_Exercise_:
An exact reproduction of the listing, minus the pictures, is the required output.
(Dataset section begins)
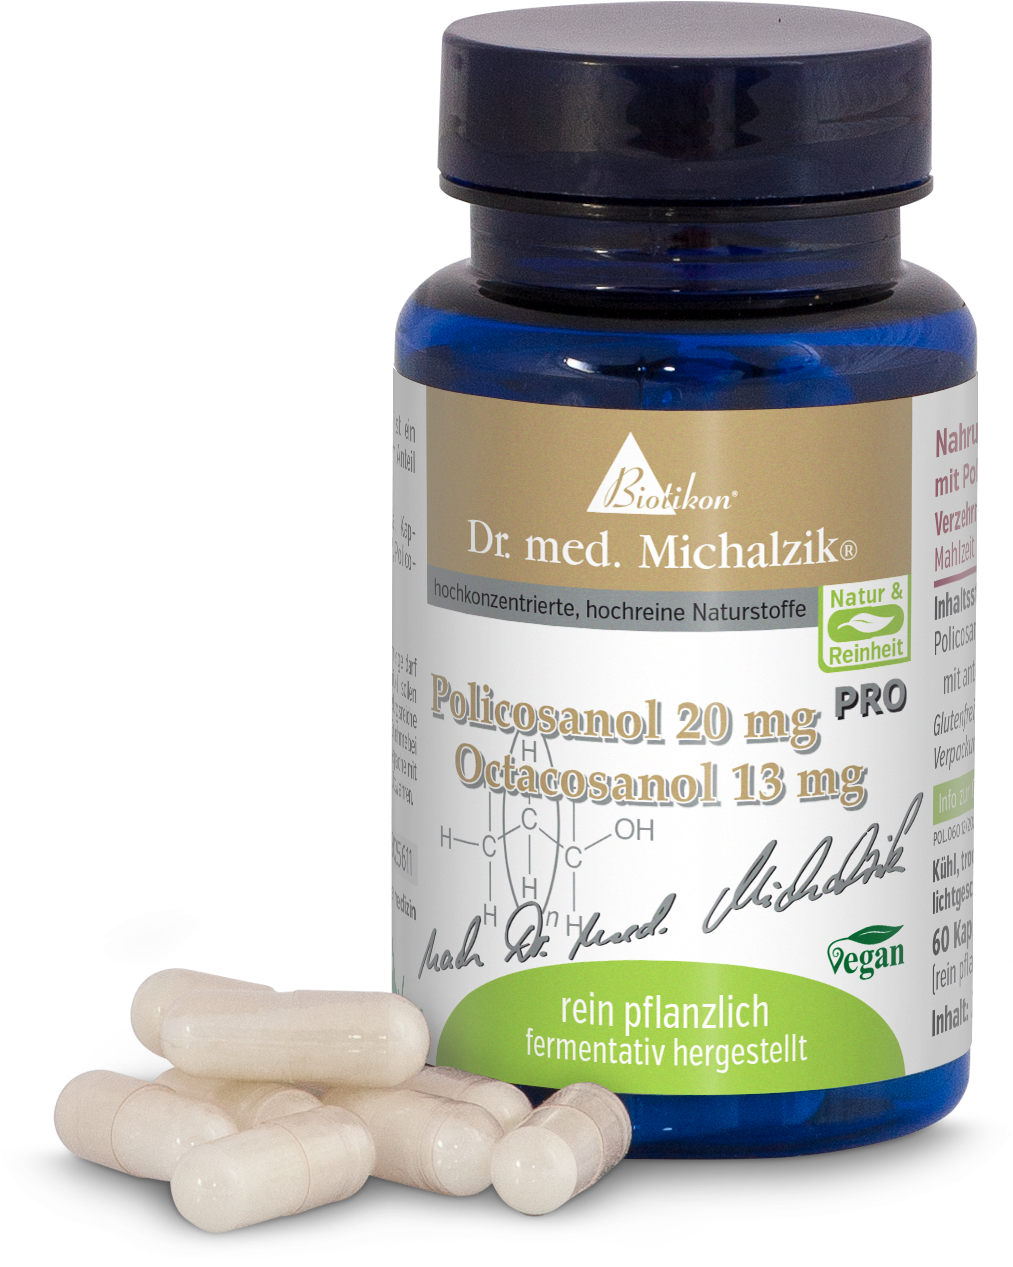 Policosanol 20 mg PRO Octacosanol 13 mg by Dr. Michalzik
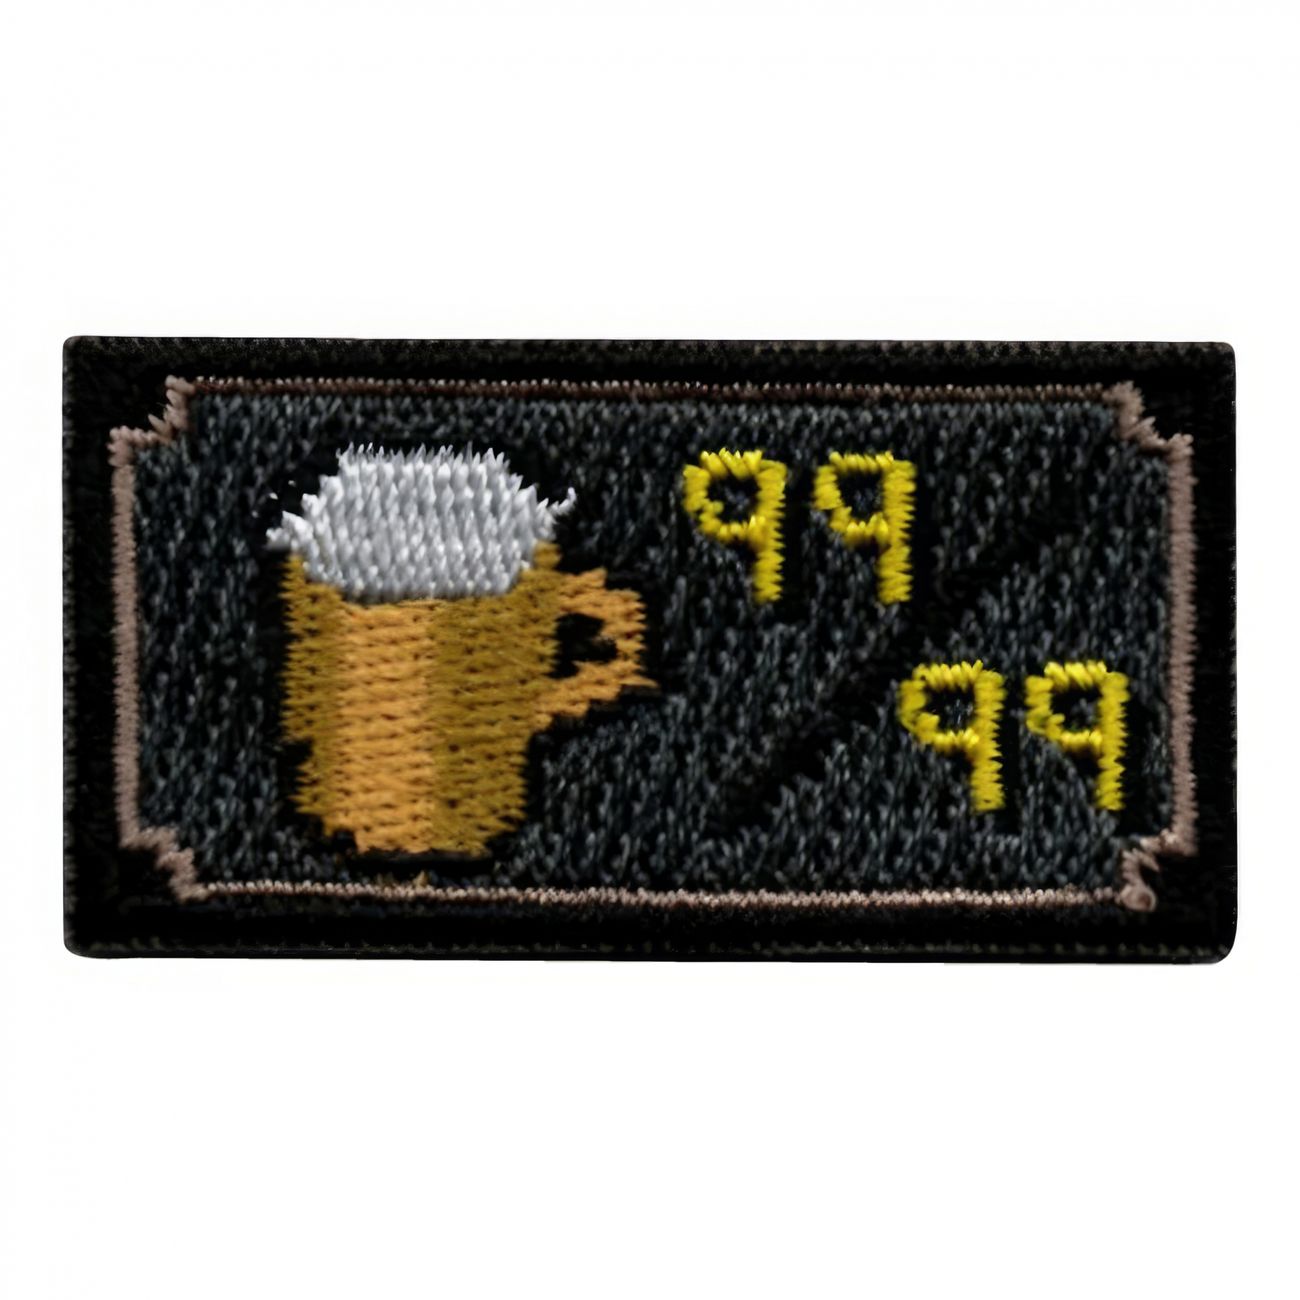 tygmarke-beer-lvl-99-a-94313-1
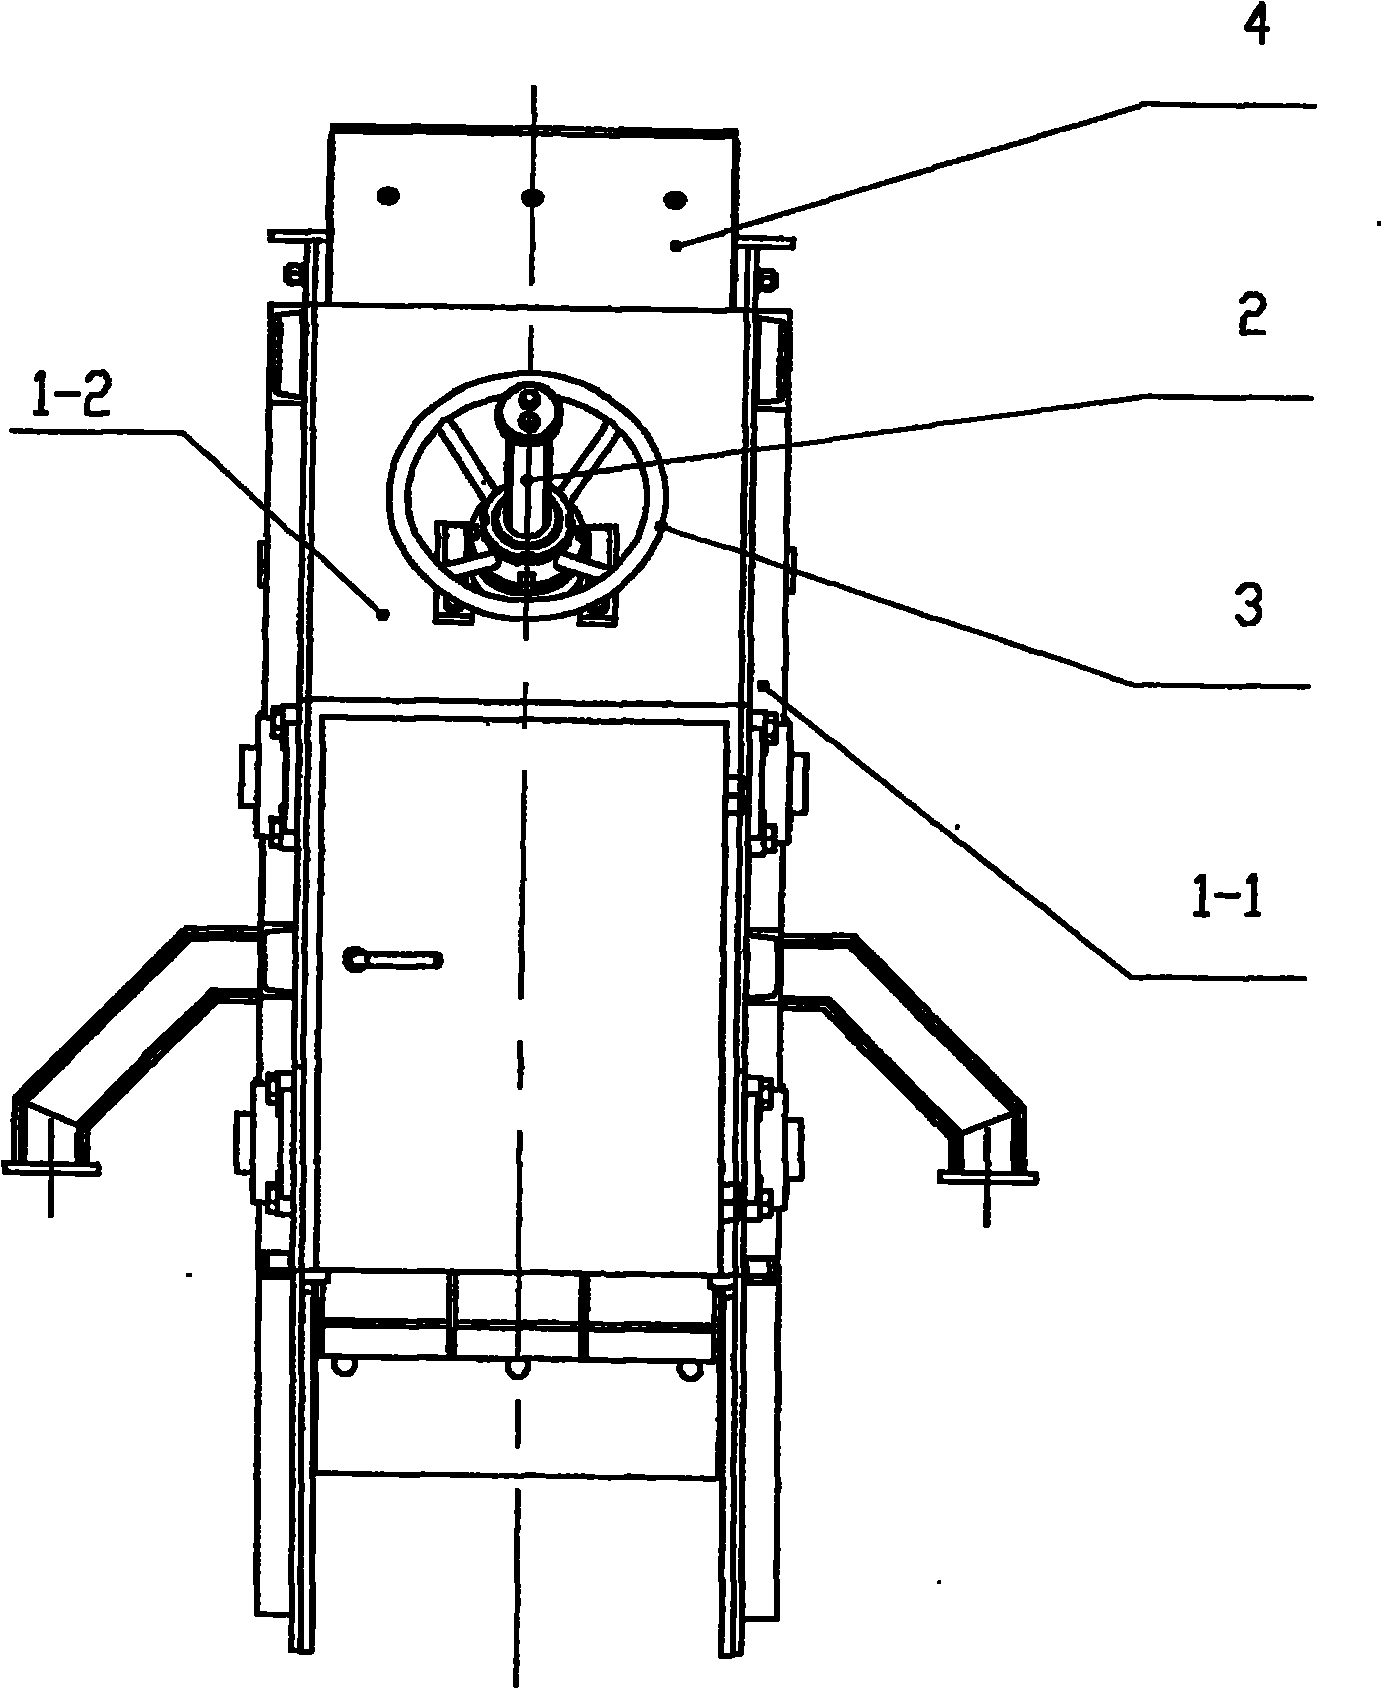 Feed apparatus of calender press
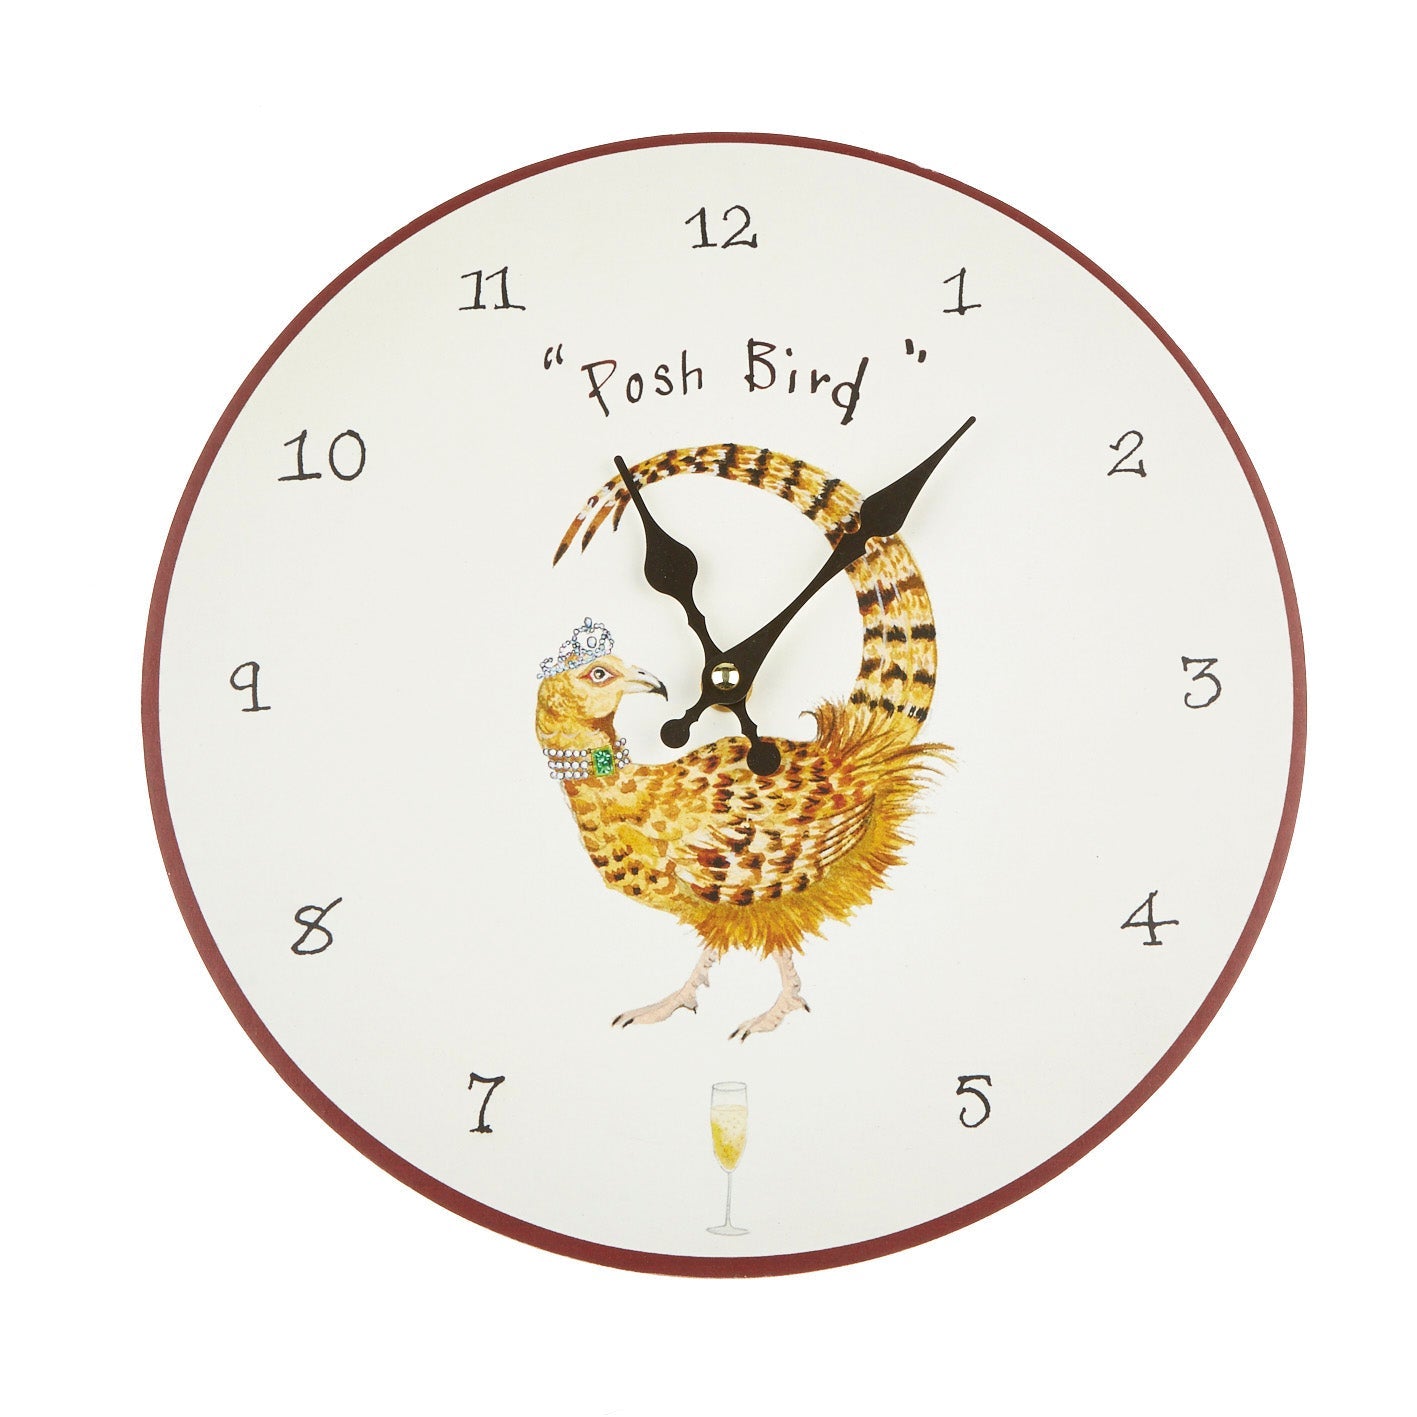 2nd "Posh Bird" Wall Clock
(Dataset section ends)
_Output for this exercise_:
 Policosanol 20 mg PRO Octacosanol 13 mg by Dr. Michalzik
 tygmarke-beer-lvl-99-a-94313-1
 Feed apparatus of calender press
 2nd "Posh Bird" Wall Clock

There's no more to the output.